もし、答えが(1),(2),(3)の場合、(空島を知っているのは)「あいつだけじゃねぇ」または「あいつ一人じゃねぇ」の方が自然です。あえて強調して「あいつじゃねぇ」はどう考えても不自然です。

 

3.ルフィと分かり合えないナミのセリフ

ナミの「仲間がいたの?」というセリフに対して、ルフィとゾロは無言のまま。

上述したベラミーとのケンカに関する次のシーンを思い返してみてください。

日頃から暴れたくてしかたがないルフィに対して、「ケンカしないように誓いなさい」とナミ。

ベラミーに夢を笑われた後は、「このケンカは絶対に買うな」というルフィと、「なんでやり返さなかったのよ!」とナミ。

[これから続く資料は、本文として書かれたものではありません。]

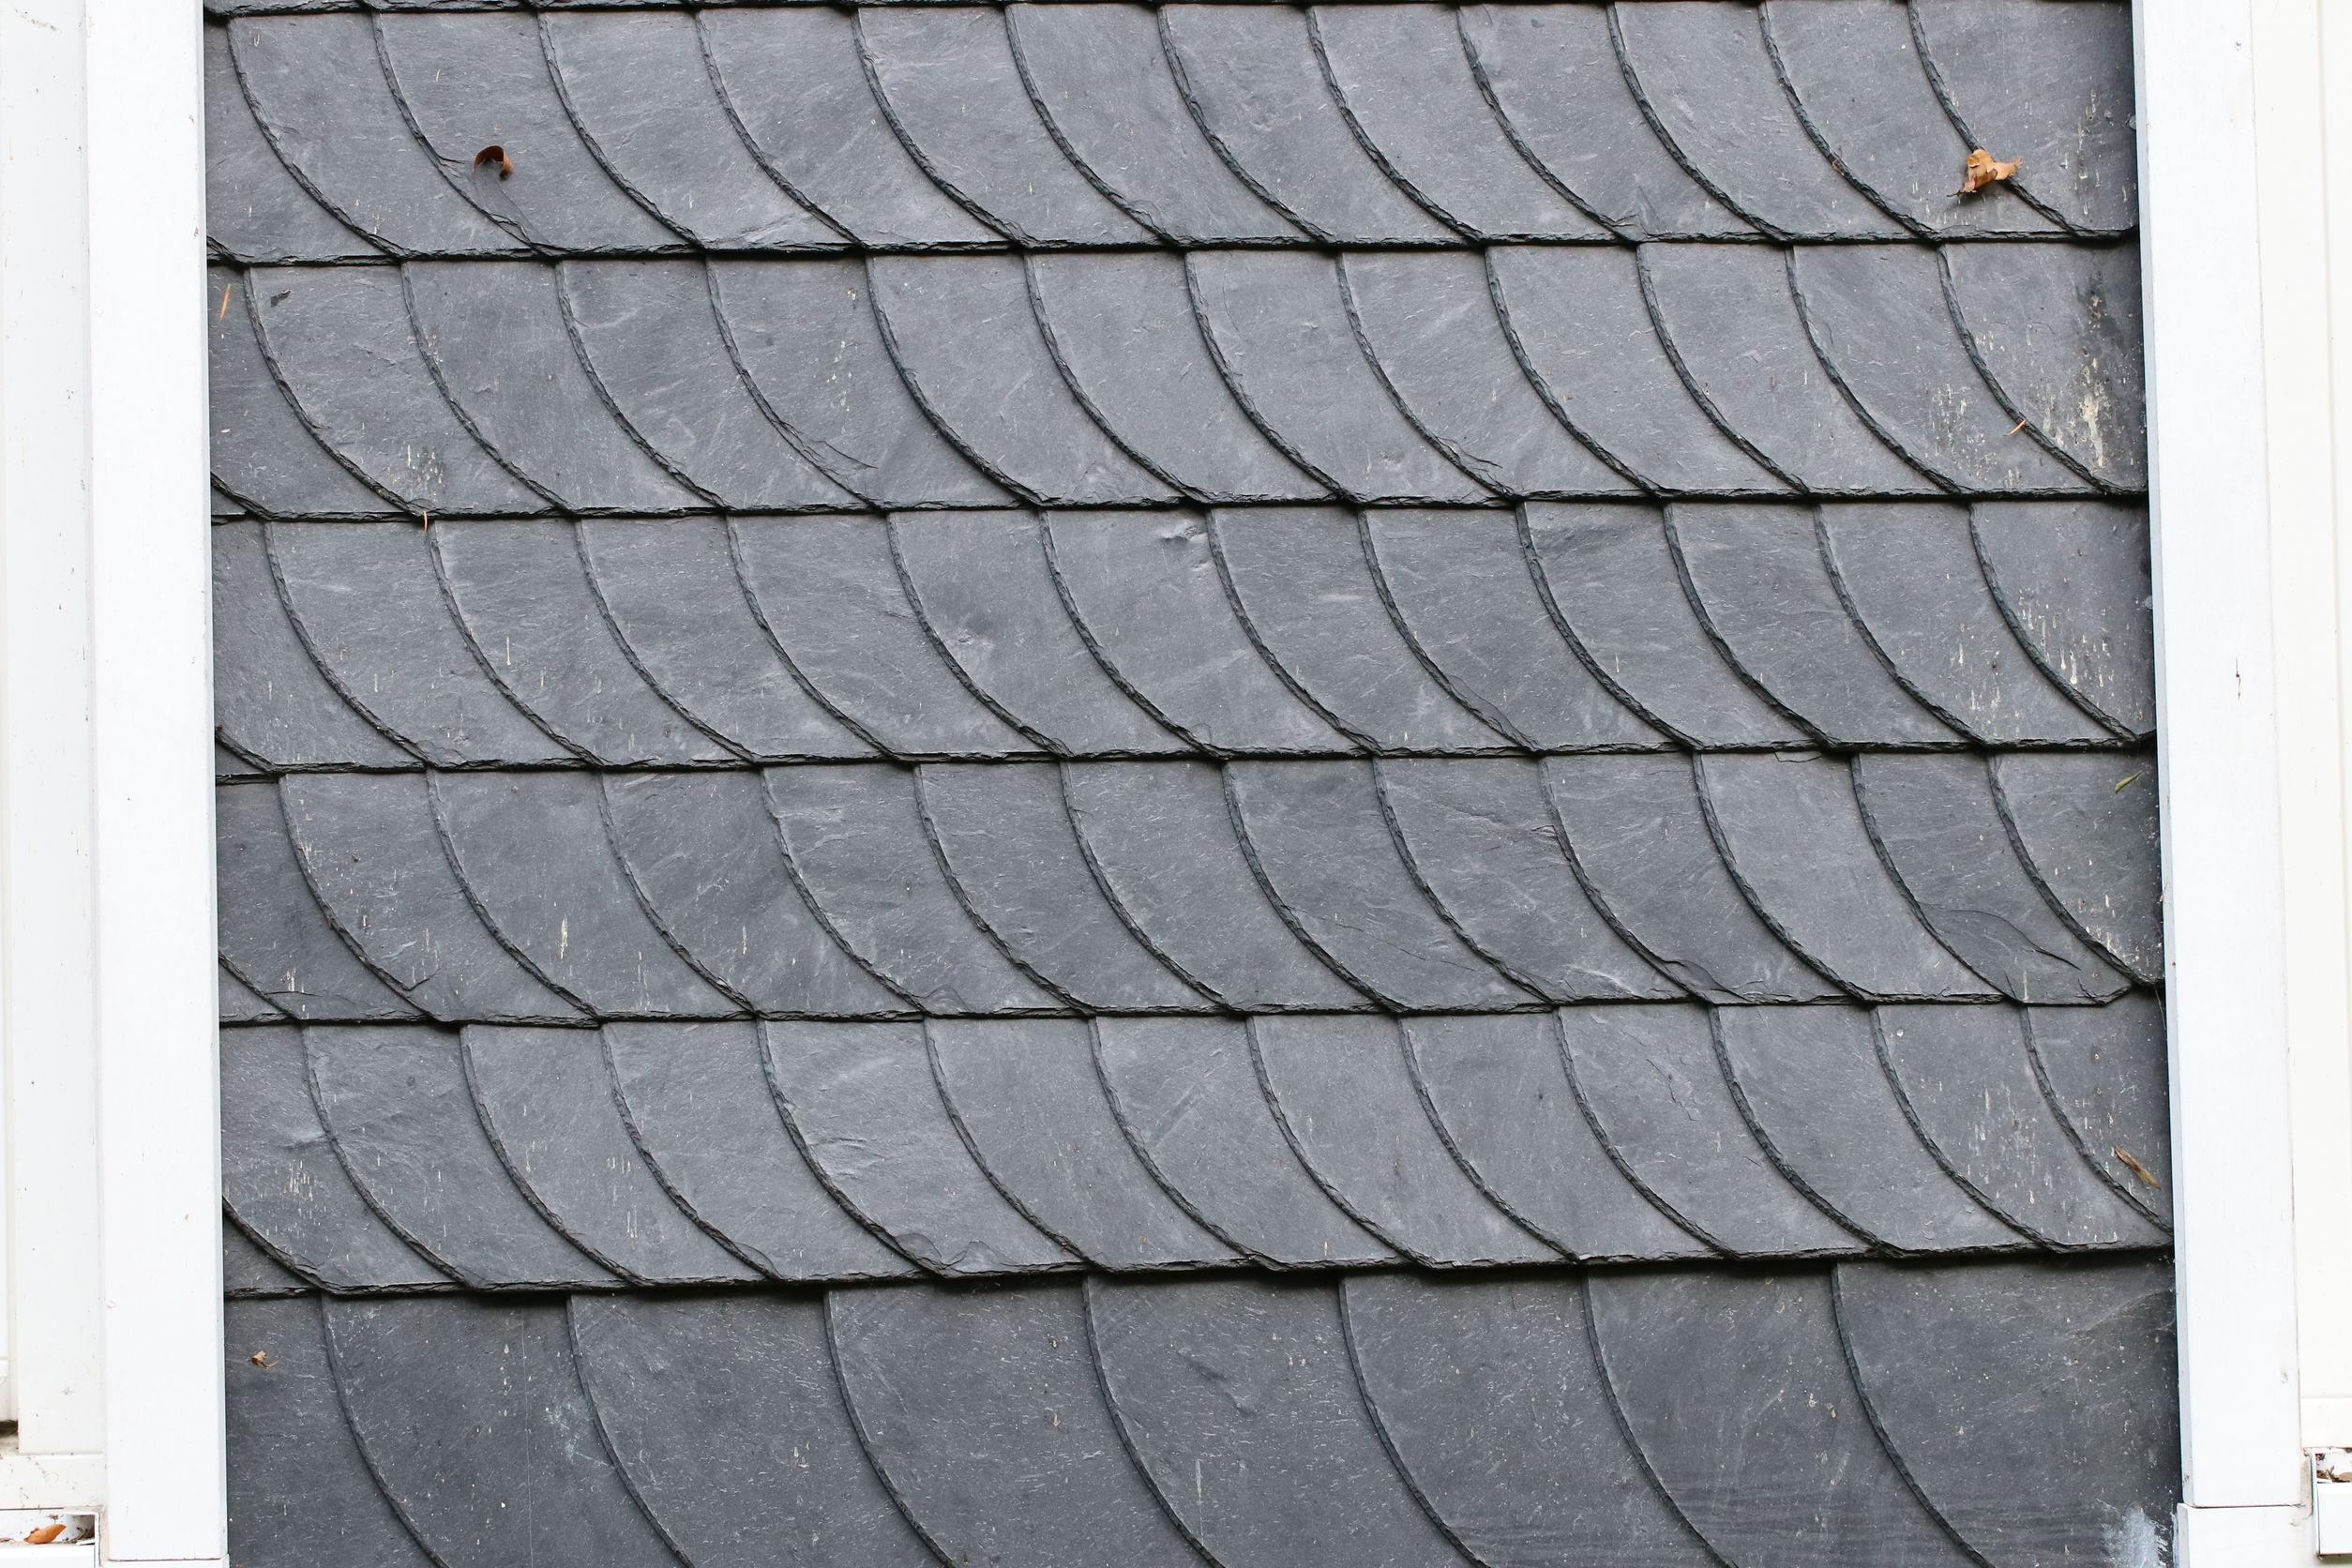 slate shingles roof
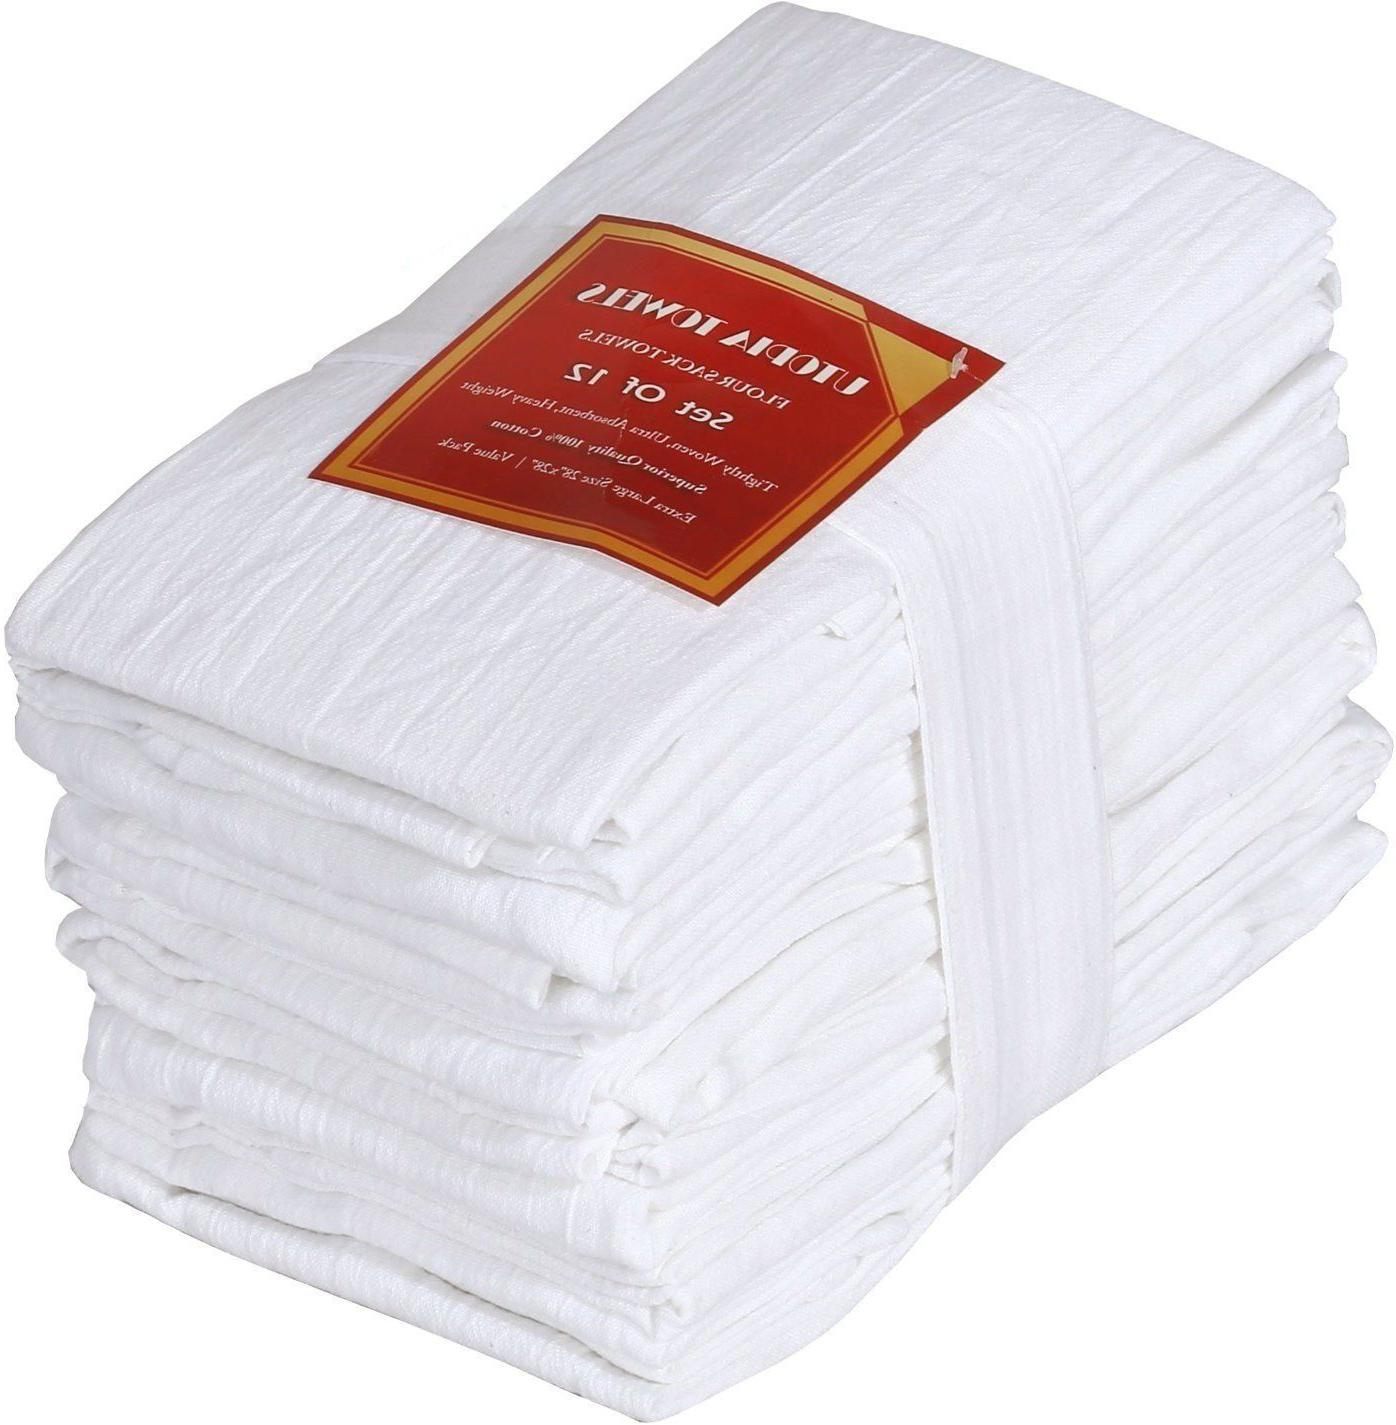 flour sack towels cotton absorbent 12 pack

ルフィは無言のまま、ケンカを買わない理由、やり返さない理由を答えませんでした。

ナミには可哀想ですが「お前に言っても、理解されないだろう」このような心情だったのではないでしょうか。

ルフィの信念をナミは感じ取ることができず、理解できない。かみ合わず、分かり合えない。

この前提で、次のセリフを見てみます。

  ナミ「ねえ・・あいつ空島について
    何か知ってのかも・・何者かしら」

 ルフィ「さぁ・・それにあいつじゃねェ」
   (空島について知っているかどうかは
     重要じゃない。それより、あいつは
     一人の人間とは思えない)

 ナミ「?あいつじゃない?じゃ、なに?」
   (空島について知っているのは、
    あいつじゃないとしたら誰なの?) 

    ※かみ合っていない

 ゾロ「あいつらだ、たぶんな」

 ナミ「どういう事よ?」
   「今の奴に仲間がいたの?どこに?」  

ルフィは、それ以上語りません。

ルフィとナミとの会話が噛み合わず、分かり合えないことを示しているのではないでしょうか?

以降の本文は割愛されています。